= Upper Colorado River Endangered Fish Recovery Program =

The Upper Colorado River Endangered Fish Recovery Program is a multi-agency partnership to recover endangered fish in the upper Colorado River basin while water development proceeds in compliance with state and federal law (e.g., state water law, the Endangered Species Act, and interstate compacts).

==Overview==
Four species of fish native to the Colorado River basin are in danger of becoming extinct: the Colorado pikeminnow, the razorback sucker, the bonytail, and the humpback chub. The goal of the program is to stem further reductions in numbers of these species and, eventually, to create self-sustaining populations, while water development proceeds in compliance with state and federal law.

==History==
The program was established in 1988 under a Cooperative Agreement signed by the Secretary of the Interior, the Governors of Colorado, Utah, and Wyoming, and the Administrator of the Western Area Power Administration. In December 2001, those same officials signed an extension of the Agreement that extended the program through September 30, 2013. Recovery Program partners include: the Colorado River Energy Distributors Association, the Colorado Water Congress, the National Park Service, the State of Colorado, the State of Utah, the State of Wyoming, the Nature Conservancy, the U.S. Bureau of Reclamation, the U.S. Fish and Wildlife Service, the Utah Water Users Association, the Western Area Power Administration, the Western Resource Advocates, and the Wyoming Water Association.

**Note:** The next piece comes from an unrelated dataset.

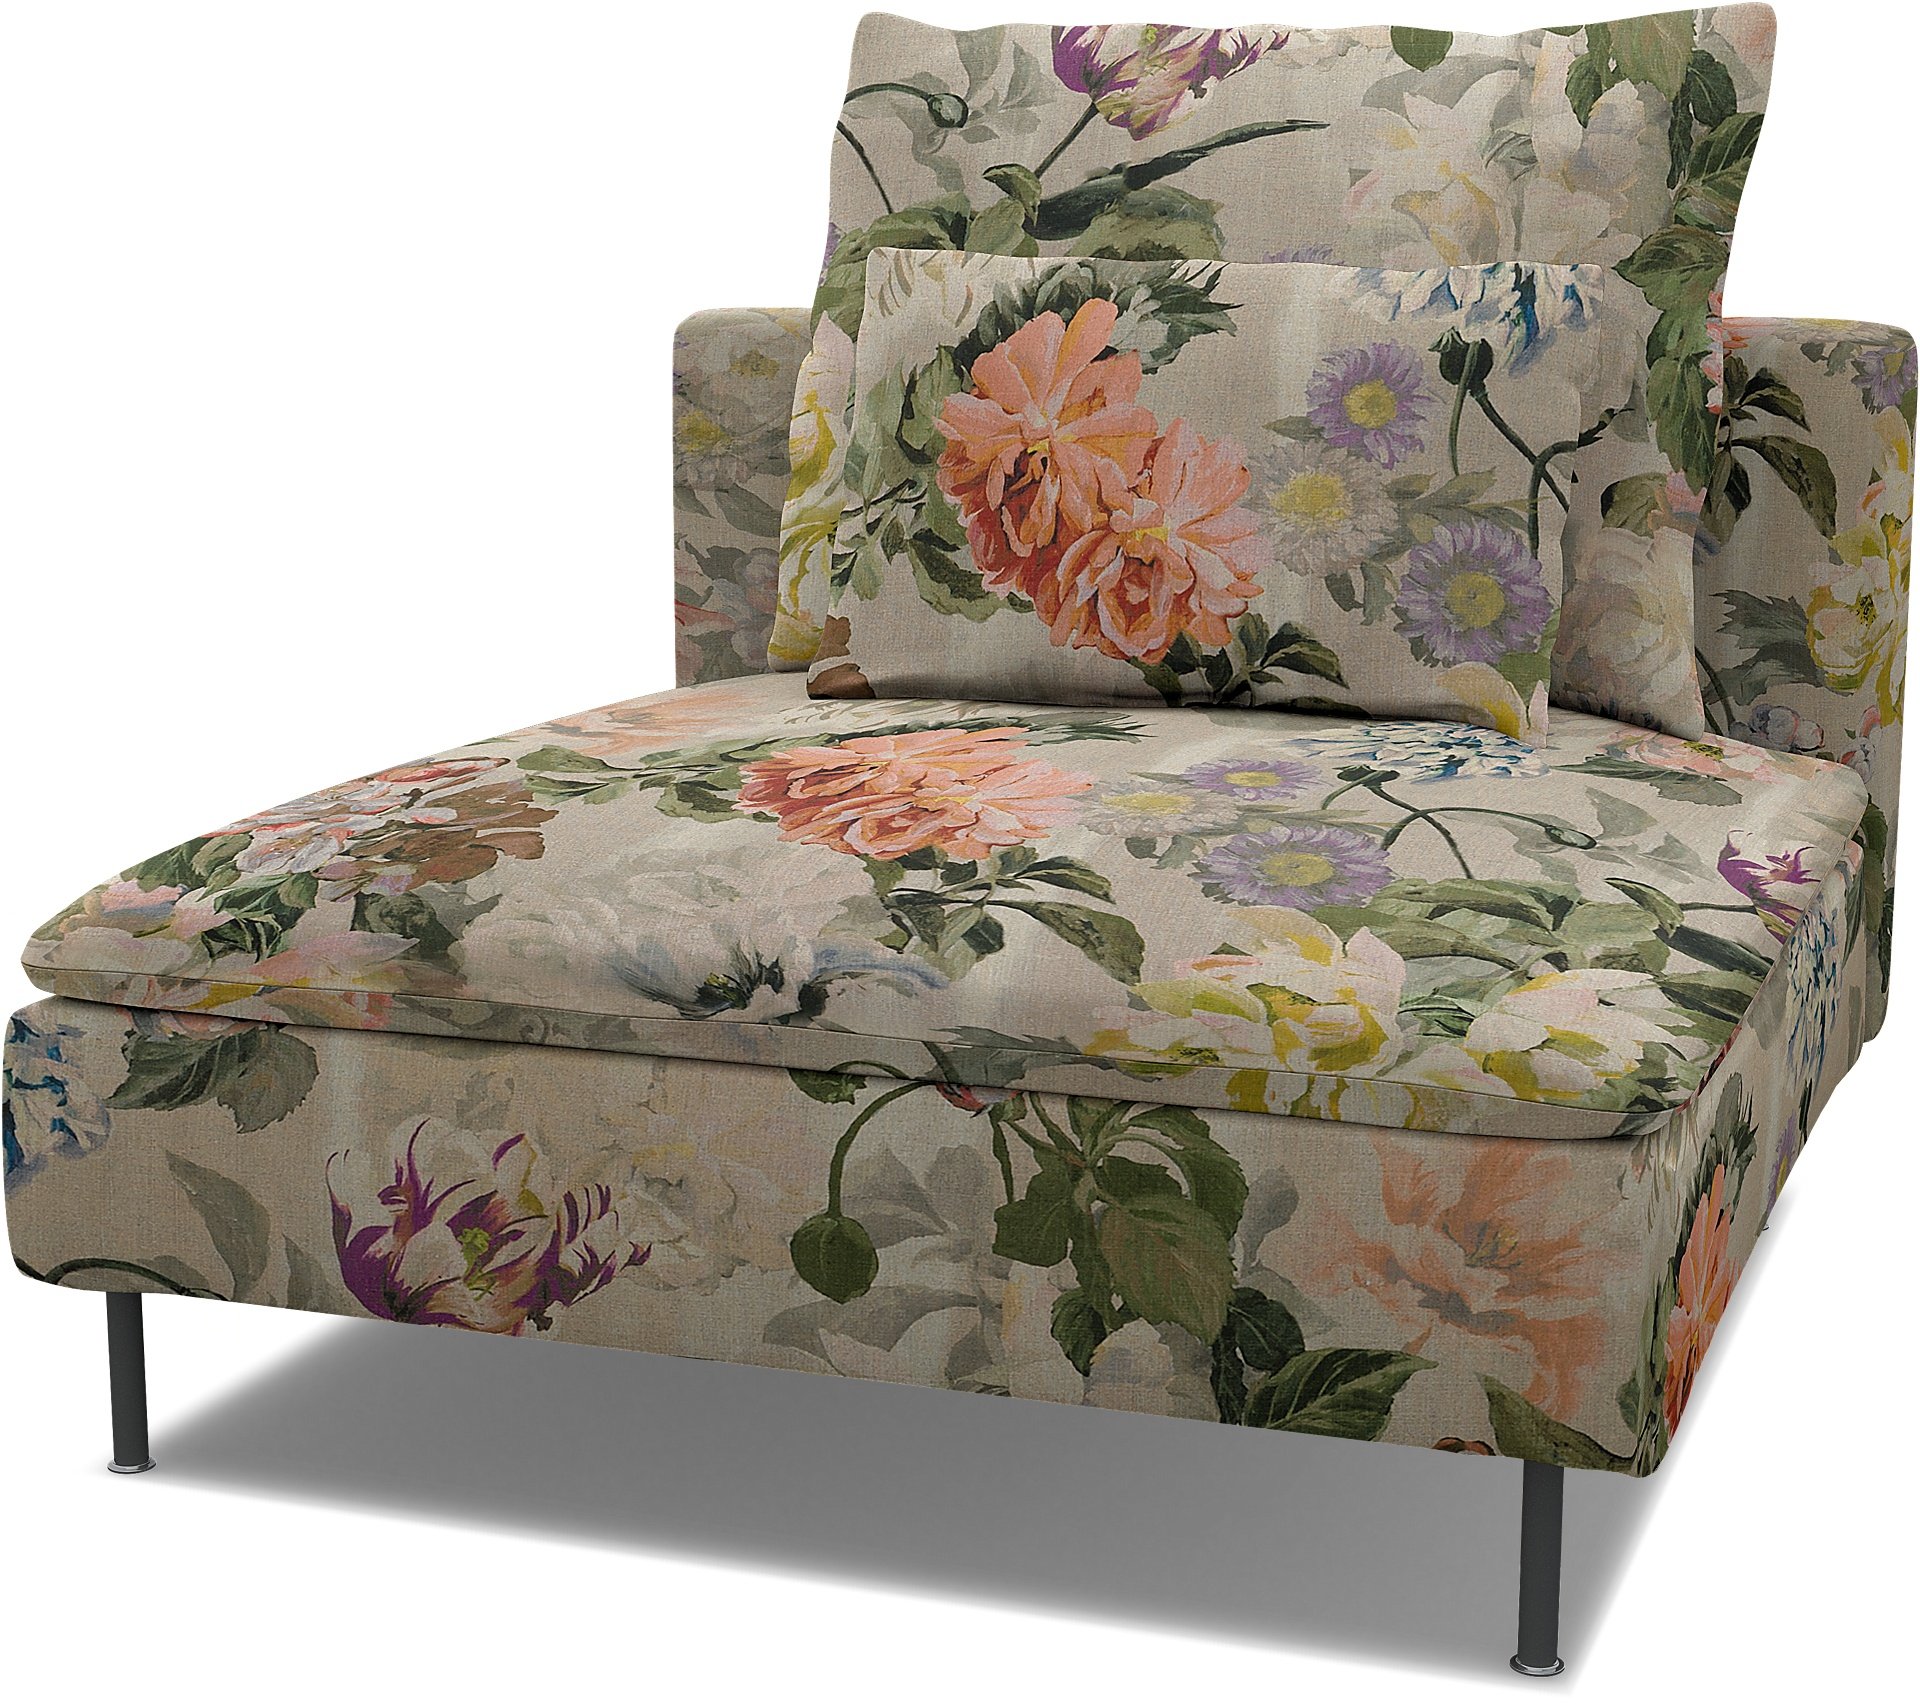 Spare seat cushion cover for SODERHAMN 1 SEAT SECTION , Delft Flower - Tuberose, Linen - Bemz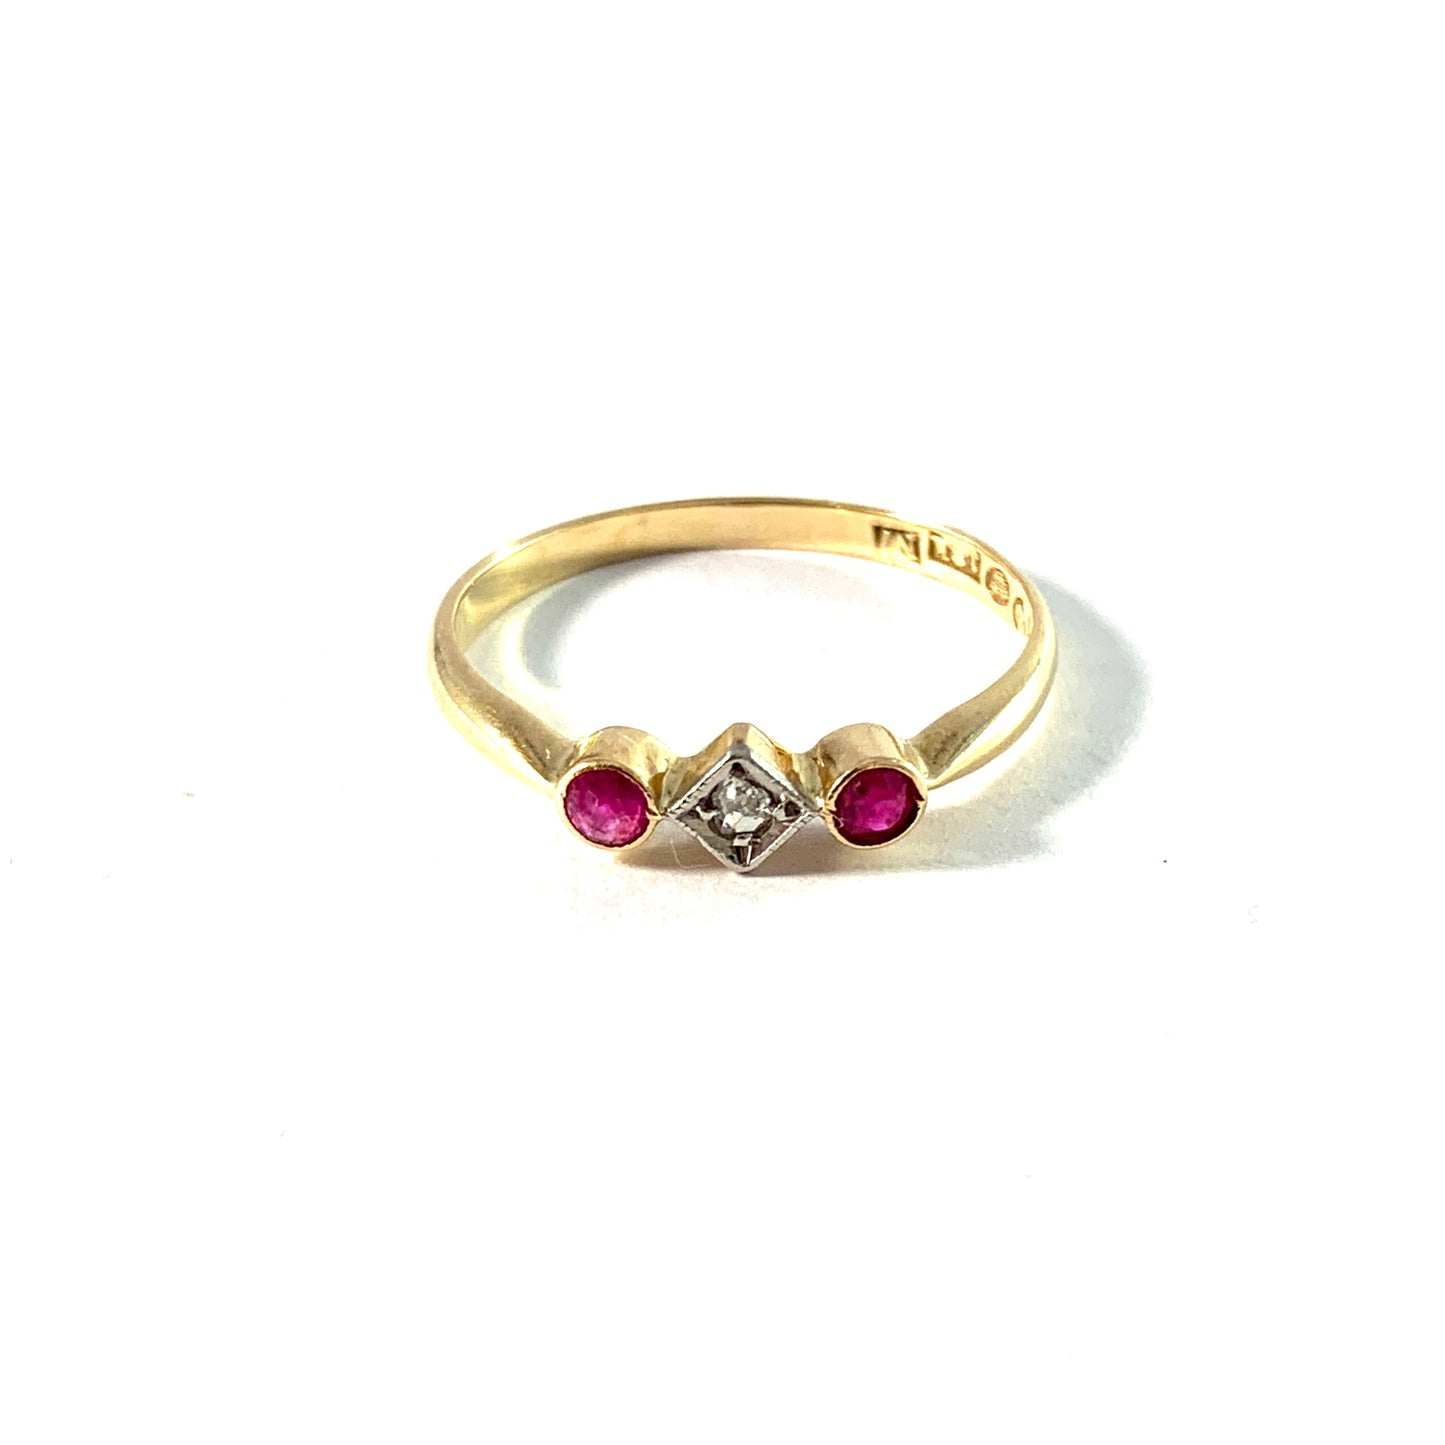 Nordiska Kompaniet, Stockholm 1915. Antique 18k Gold Diamond Sapphire Ring.

As originally established, the program consists of five elements:

- provision of instream flows;
- habitat development and maintenance;
- native fish stocking;
- management of nonnative species and sportfishing; and
- research, monitoring, and data management.

==Impact==
According to a 2004 policy statement:
[N]onnative fishes of immediate primary concern and currently explicitly targeted for management are northern pike (Esox lucius), smallmouth bass (Micropterus dolomieu), and channel catfish (Ictalurus punctatus). These nonnative fish species pose significant threats to the endangered fishes because of their high or increasing abundance and range expansion, their habitat and resource requirements overlap with those of the endangered fish species, and they are known fish predators.

State and federal agencies have also entered into agreements about restricting the stocking of gamefish that might possibly escape into the river;
The Recovery Program believes it will be necessary to remove substantial numbers of the more abundant target nonnative fish species from certain river reaches, and, through research and monitoring, demonstrate sustained reductions in nonnative fish abundance and resulting positive native fish responses at the population level. As deemed appropriate and practical, efforts will be made to relocate nonnative sportfish removed from rivers to local ponds or reservoirs publicly accessible to anglers. Relocation of sportfish will be in compliance with State laws and regulations, in coordination with State fish and wildlife agencies, and in accordance with the 1996 Procedures for Stocking Nonnative Fish Species in the Upper Colorado River Basin. The number or biomass of sportfish relocated to any one body of water in a given year will be determined by State fish and wildlife agencies.

Reports indicate that native species are still rare in many of the areas under study. For example, a 2006 report on 83 habitat areas in the Yampa River, which sampled 14,140 fish, reported only 1.6% of that total (221 fish) were native. It also noted that 86% of these native fishes were taken in isolated pools where few or no smallmouth bass occurred; only 32 native fish were captured in the mainstem, where nonnative predatory species occur, considered an indication of the negative impact of non-native fish. A 2006 report on the middle Green River, following removal of large predatory nonnatives (pike and bass), suggested a small recent (2005–2006) increase in small nonnative cyprinids, but no increases in native species.

Reports like those about the lack of recovery of native species in the Yampa and Green Rivers have fueled public opposition to the sportfish-removal element of the program. In 2006, Colorado Wildlife Commissioner Rick Enstrom, appointed as the Commission's representative of the state's sportsmen, and an outspoken critic of the sportfish removal aspects of the recovery program, stated:
Colorado leads the nation in T & E [threatened and endangered]recovery success stories, and most have been accomplished through habitat manipulation or stocking, not the elimination of top tier predators.

Opponents of sportfish removal blame the decline of native fish on habitat loss through dam construction and irrigation diversions in the river basin, and claim that nonnative introduced sportfish serve largely as a scapegoat.